Personal details
- Born: Bulle, Switzerland
- Party: SVP (2003-2009) Conservative Democratic Party
- Profession: Politician

Military service
- Branch/service: Swiss Army
- Rank: Military Instructor

= Daniel Streich =

Swiss military instructor

Daniel Streich (born in Bulle, Canton of Fribourg) is a Swiss military instructor, community council member and a former member of Swiss People's Party. A Protestant who converted to Catholicism and then to Islam, Streich left the Swiss People's Party over the campaign for the national ban on the construction of new minarets.

== Biography ==
Streich was a founding member and president of the Gruyères section of the party from 2003 to 2007. He converted to Islam from Catholicism in 2005. He explained that Islam offered him "logical answers to important life questions". He then resigned from his presidency in June 2007 citing his discomfort with certain "extremist" positions of the party, especially the campaign to ban nationwide the construction of new minarets. While Streich in 2007 stated that he had "many Muslim friends" he did not make public his personal conversion to Islam until early November 2009, when he left the Swiss People's Party in protest against their campaign for the impending referendum of 29 November 2009. He then participated in setting up the Conservative Democratic Party cantonal section.

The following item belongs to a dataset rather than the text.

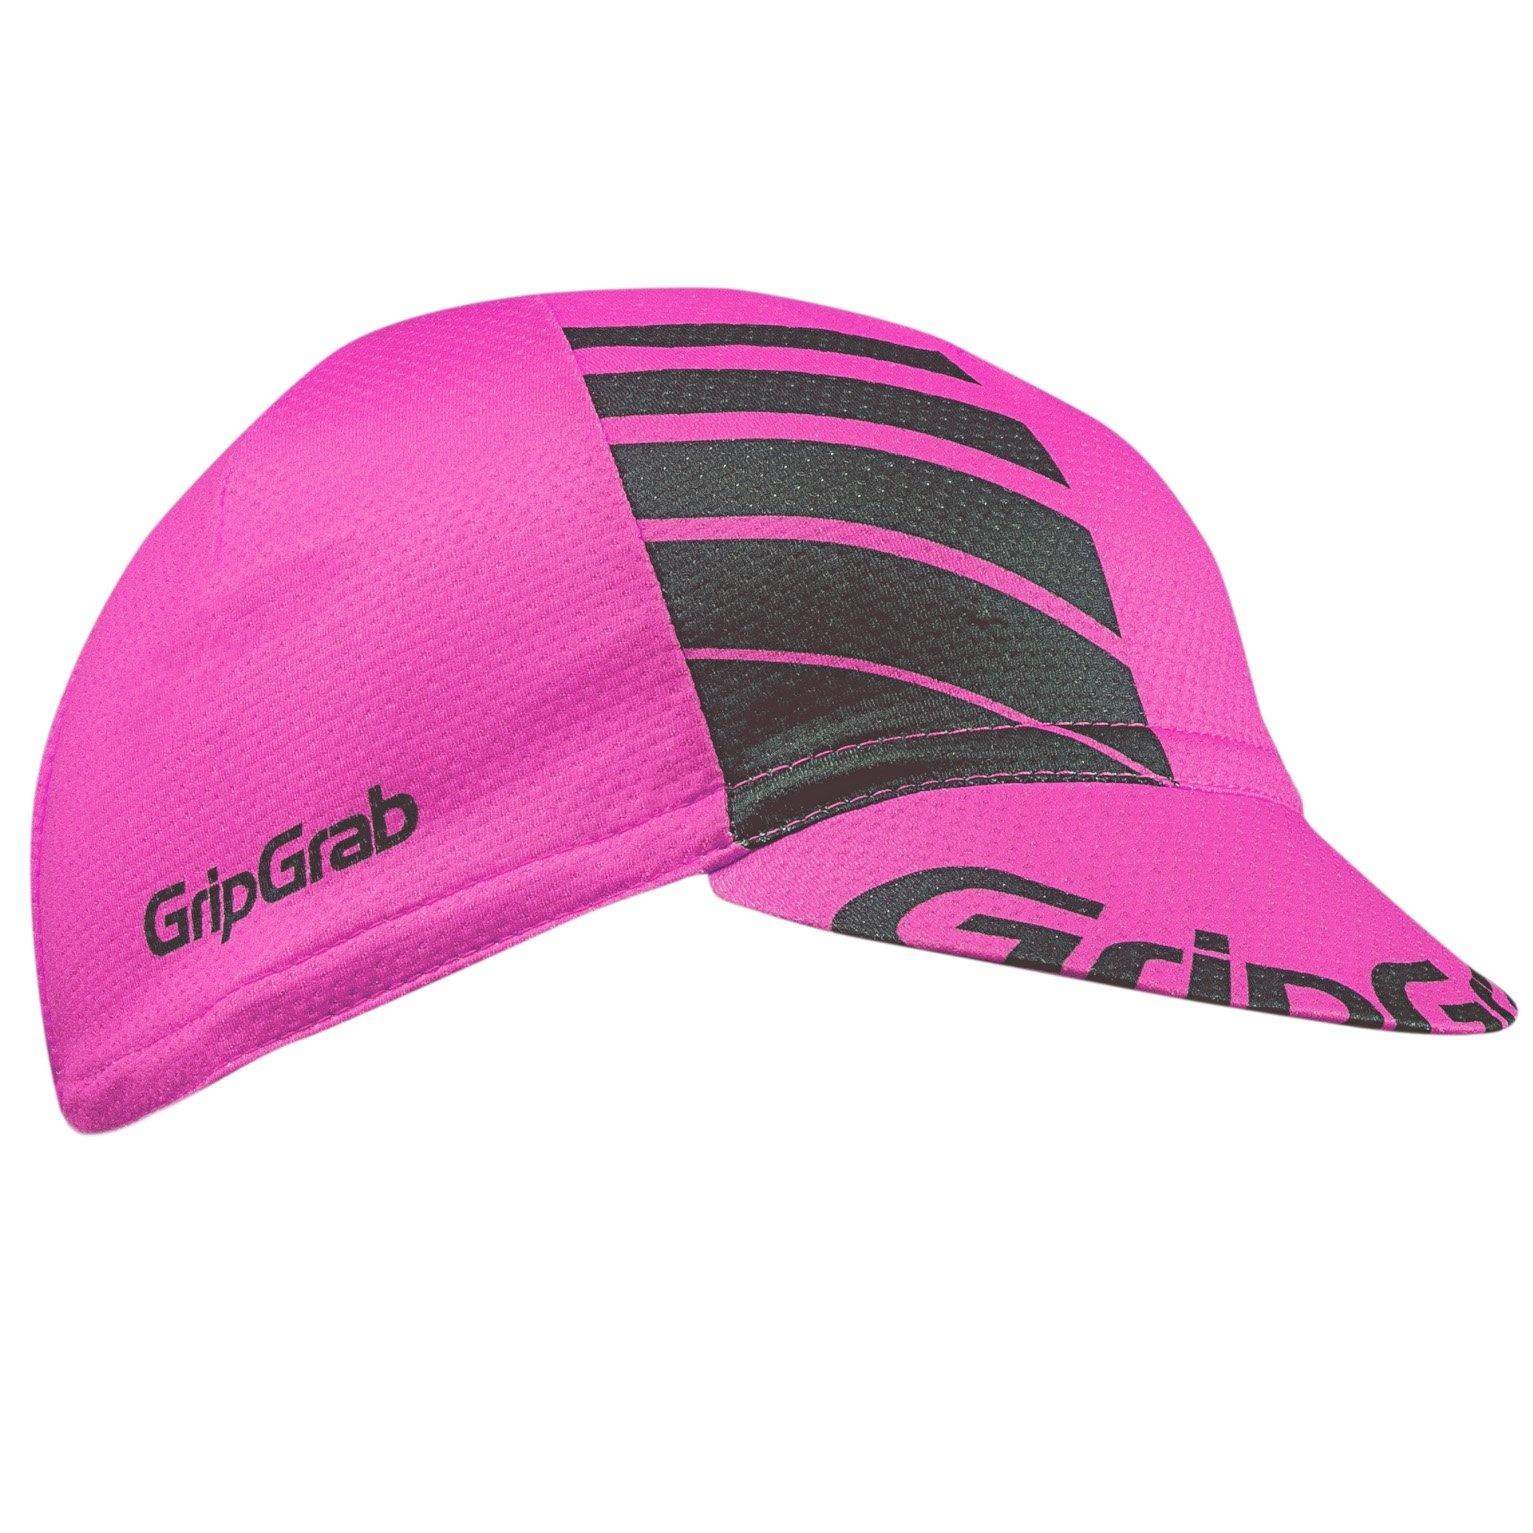 GripGrab Summer Cycling Cap Letvægts - Pink

Streich's case was reported by the Swiss daily newspaper 20 Minuten on 23 November, during the week preceding the referendum and the story was picked up by the tabloid newspaper Blick on the following day.

Streich's story first appeared in English in Tikkun Daily on 4 December 2009, as part of the international coverage on the referendum outcome. An embellished version of the story appeared on the website of Pakistani newspaper The Nation on 30 January 2010. It depicted Streich as a major Swiss politician who had been actively involved in anti-Muslim propaganda, had suddenly seen the error of his "evil ways" and then converted to Islam. The report even made Streich "the first man who had launched a drive for imposition of ban on mosques minarets", claiming that "Streich's conversion to Islam has created furore in Swiss politics, besides causing a tremor for those who supported ban on construction of mosques minarets" and that he "is ashamed of his doings now and desires to construct the most beautiful mosque of Europe in Switzerland", while Streich in fact never had campaigned against mosques or Islam, and also never revealed any intention of building a mosque.